(Продолжение романа)
СИЗО
Личное знакомство Лобова с «системой» началось не с КПЗ (камера предварительного заключения), а сразу именно со Следственного Изолятора (СИЗО), или в простонародье - тюрьмы, которой Лобов за 5 лет жизни в этом городе даже издалека не видел - не приходилось бывать в этом районе.
А если и бывал, то тюрьма так технично от посторонних глаз за высокими зданиями спрятана, что не удивительно, если каждое утро спешащие на работу добропорядочные жители города, пробегая ежедневно туда и обратно по улице, даже не подозревают, что вот за этим высоким зданием государственного учреждения скрывается здание, или даже - комплекс зданий, другого государственного учреждения, в названии которого обязательно присутствует дробь.

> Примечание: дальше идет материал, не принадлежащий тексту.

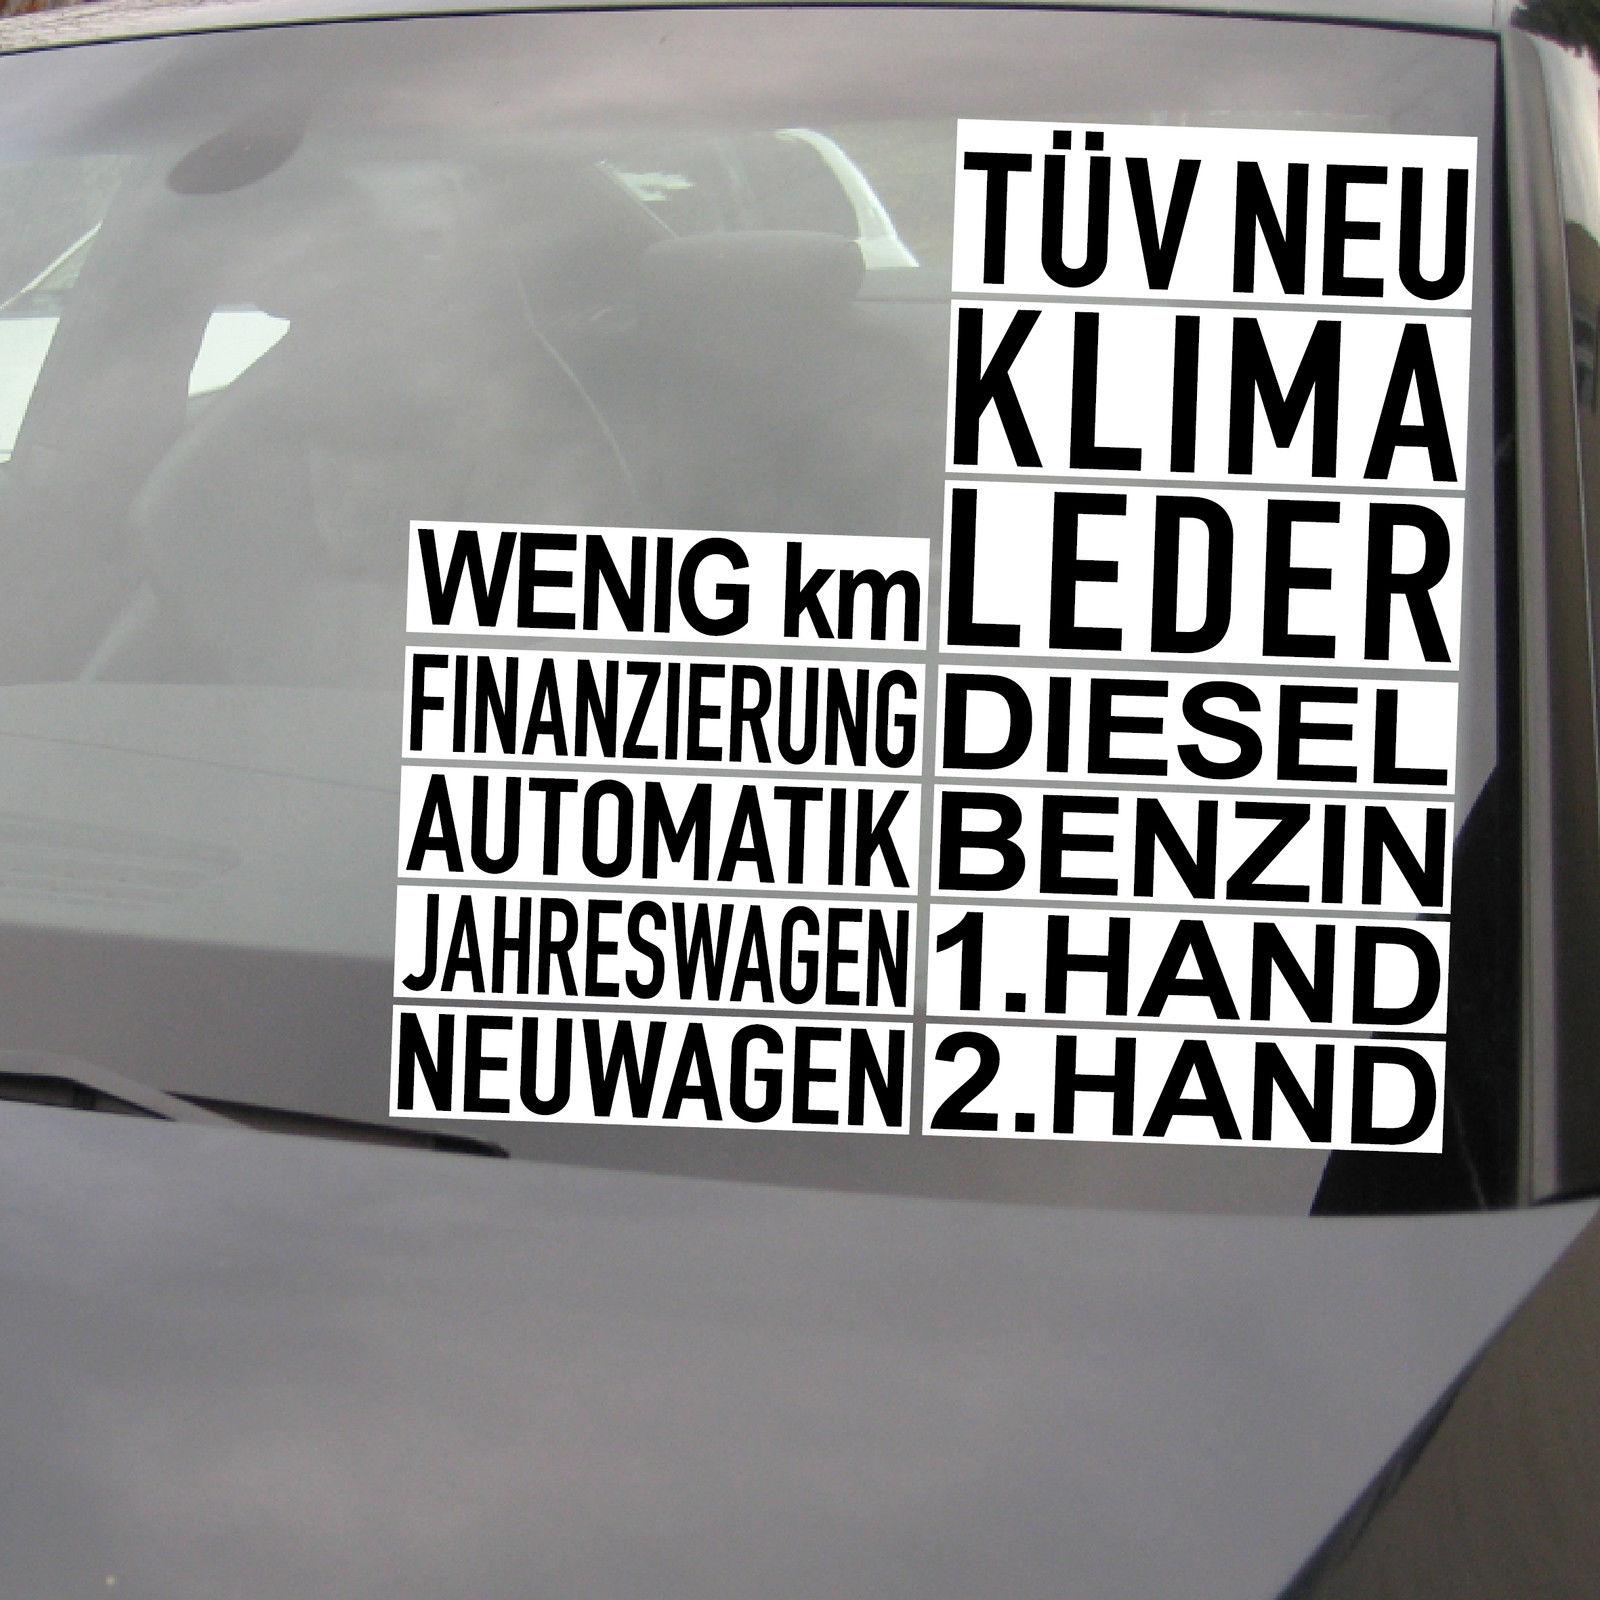 100 Aufkleber Auto Verkauf Leder Klima Tuv Automatik Diesel Benzin
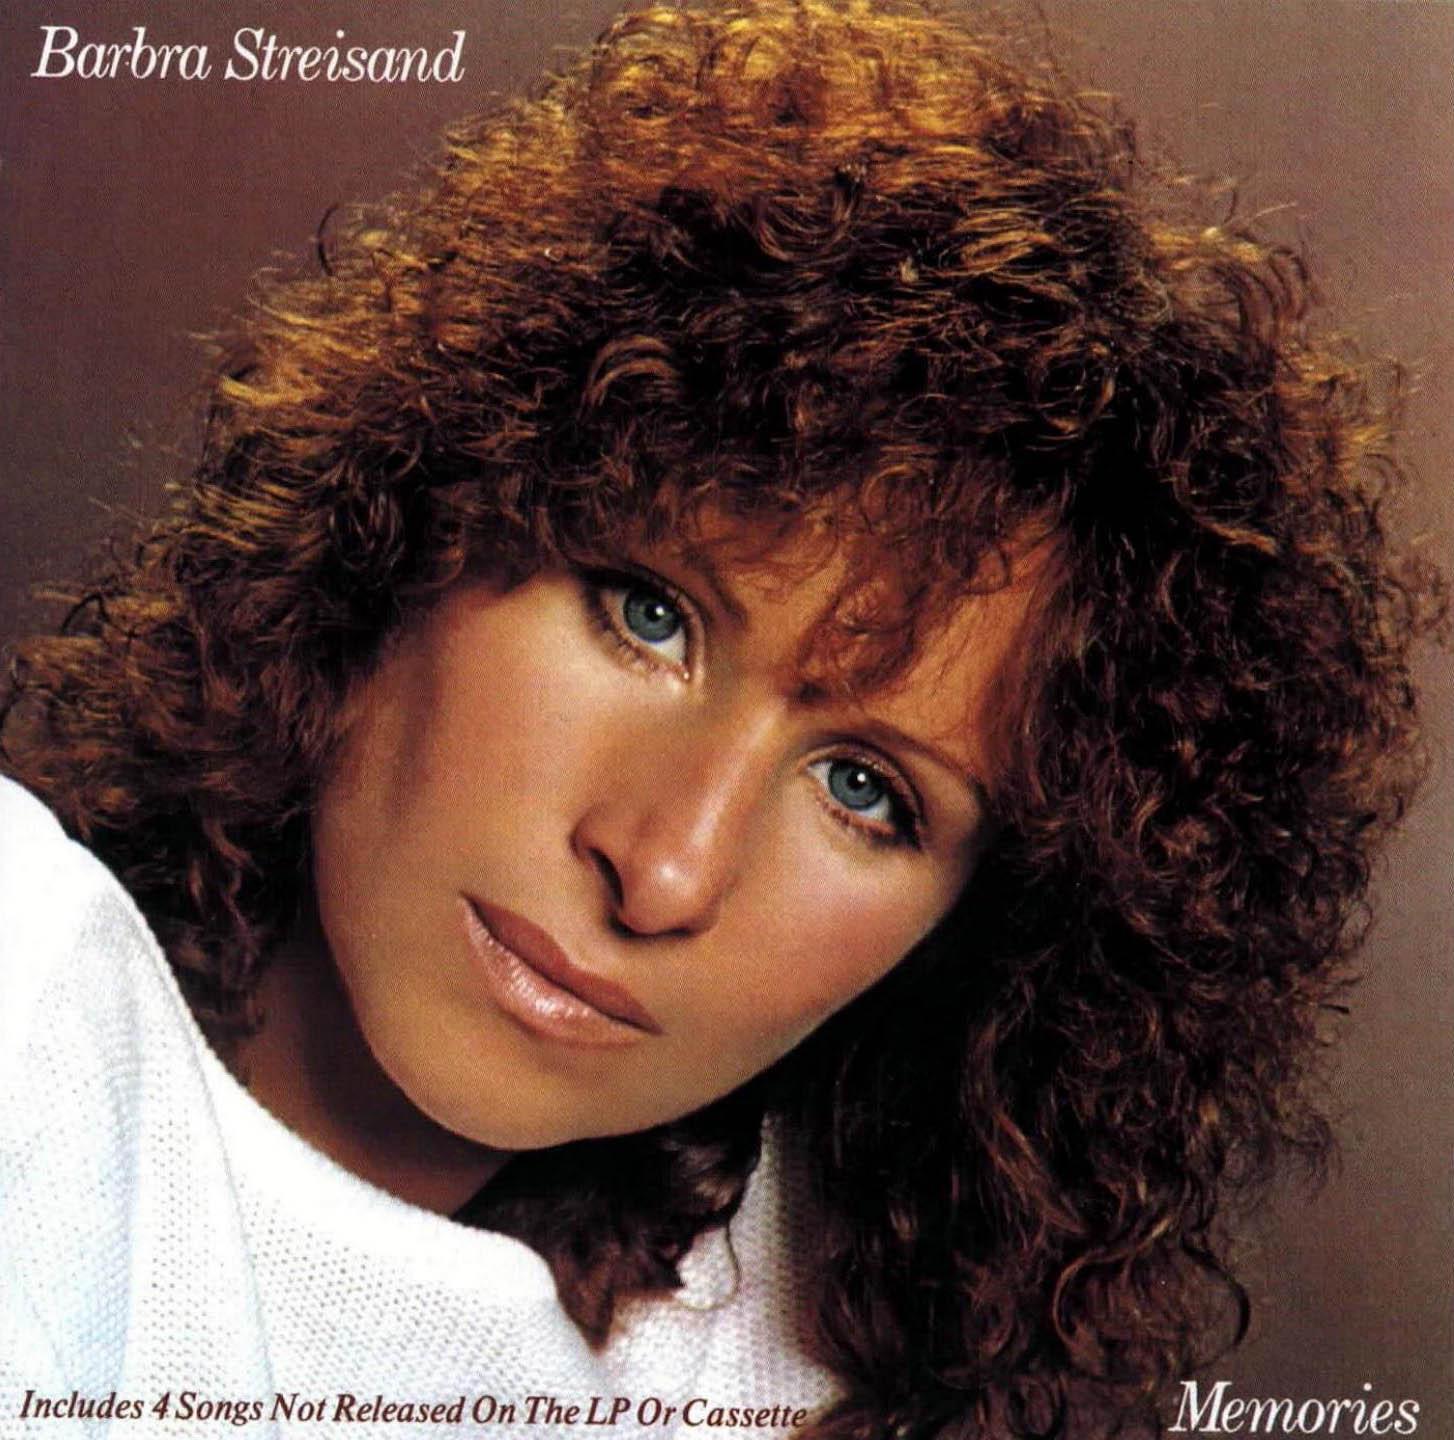 http://4.bp.blogspot.com/-SqiRP8wl9vA/TW6k9xYEFTI/AAAAAAAADVU/Cl1X2eavbIA/s1600/Barbra_Streisand-Memories-Frontal.jpg

В «плен» Лобова взяли оперативники ГОВД, совместно с военной контрразведкой. Цивильно одетые, в новеньких бронежилетах, ребята из контрразведки тут же оттеснили наседавших на Лобова ментов, тактично давая понять, дескать это - наш клиент.
Контрразведчики завезли Лобова в его войсковую часть (видимо, по личной просьбе командира), тот только хотел Лобову в глаза посмотреть, да спросил, подойдя к спецмашине:
- Ну и кашу же ты заварил! А зачем автомат-то на парней наводил, они тебе и так бы всё отдали, теперь вот статья другая будет.
- Согласен, товарищ командир, погорячился.
- Ну теперь держись, сам знал на что шёл. - Командир махнул рукой контрразведчикам.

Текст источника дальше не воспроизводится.